Every month for around the last 10 years, Jane Street (a trading firm) has released a difficult puzzle on their website: https://www.janestreet.com/puzzles/archive/.
Right now, the best publicly accessible AI (GPT-4 or Gemini Ultra) is not very good at this. I tried running the February puzzle through both and GPT-4 gave a few definitions and then said it was complex (though it did correctly simulate it afterward, even though the problem asked for an exact answer), and Gemini Ultra wasn't even close.
During which year will a publicly accessible AI be able to solve at least 6 of the 12 puzzles released during the year? (Resolves yes during each year this happens. Multiple years can resolve YES)
Clarifications
Must be a general-purpose AI model, not AlphaGeometry or something
Publicly accessible = reasonably accessible by an average interested member of the public
Puzzles must be solved with minimal human input, aside from maybe "Let's think step by step" or something. I want to basically just copy-paste the puzzle and have it give a solution.
The model is not allowed to search for the solution or copy from a similar puzzle, it must clearly be solving the puzzle.
Different AIs can solve different puzzles, as long as they are released before the end of the month of the puzzle they are solving and are still general-purpose. (If GPT-5 can solve all the puzzles and is released in October of this year, it can't retroactively count for the earlier puzzles)
Resolves N/A if the puzzles stop being published.

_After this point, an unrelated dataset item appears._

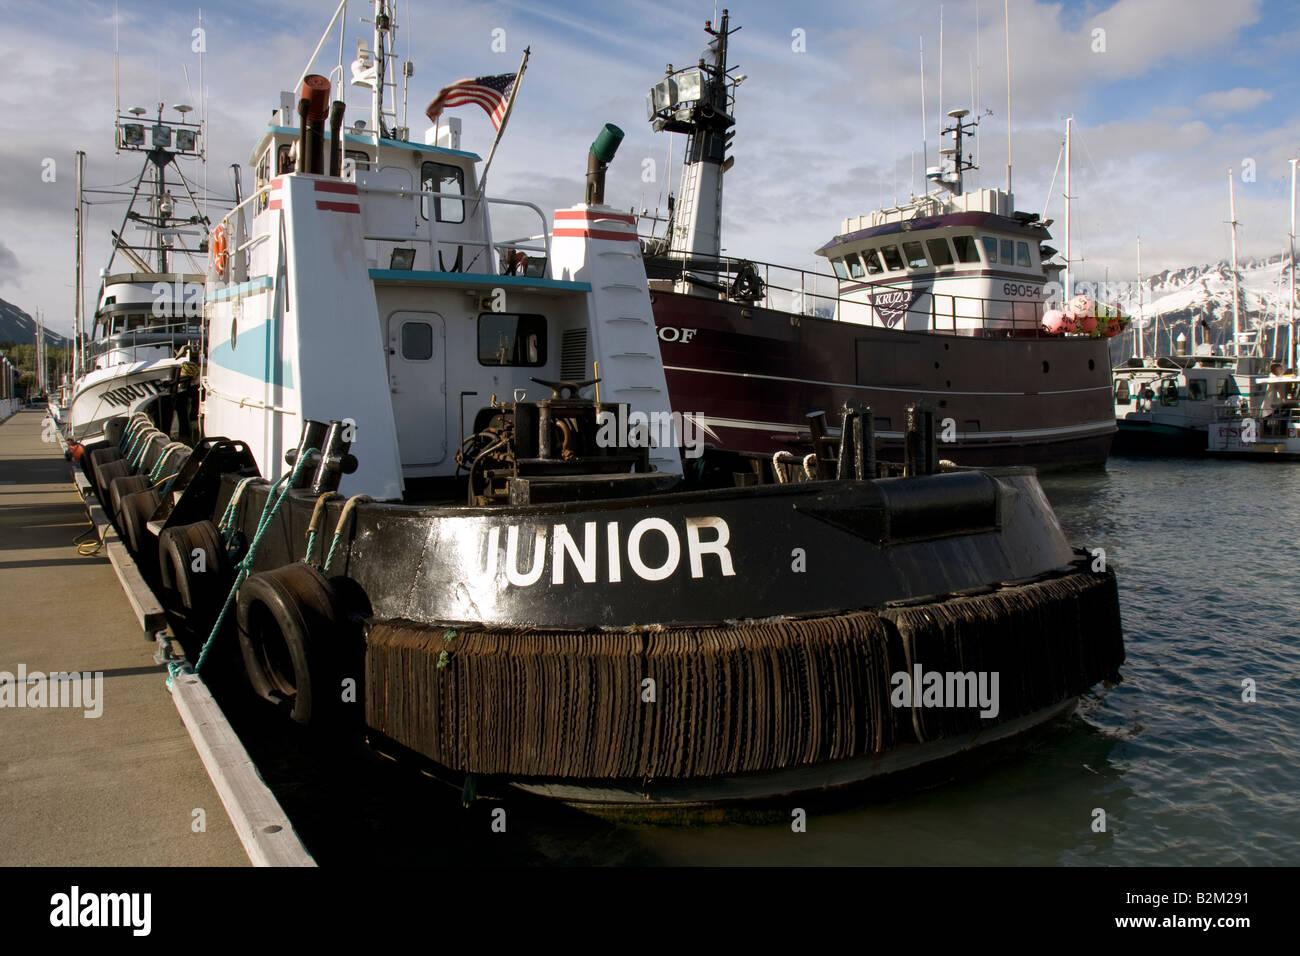 Towboat in Seward Harbour, Alaska - Stock Image

IMO this would require some really high quality planning & CoT architecture that doesn’t seem achievable for a general public AI model in the next 1-2 years. E.g. the Feb 2025 puzzle requires (1) a hypothesis about how the features of the puzzle are related, (2) a lot of exploration to find “the trick” of connecting the clues to the answers, and (3) an intuition for how to stitch the answers together to derive the final puzzle answer. Right now LLM/transformer-based models just don’t seem to have the creative knack to solve more than half of these kinds of problems. Could be wrong.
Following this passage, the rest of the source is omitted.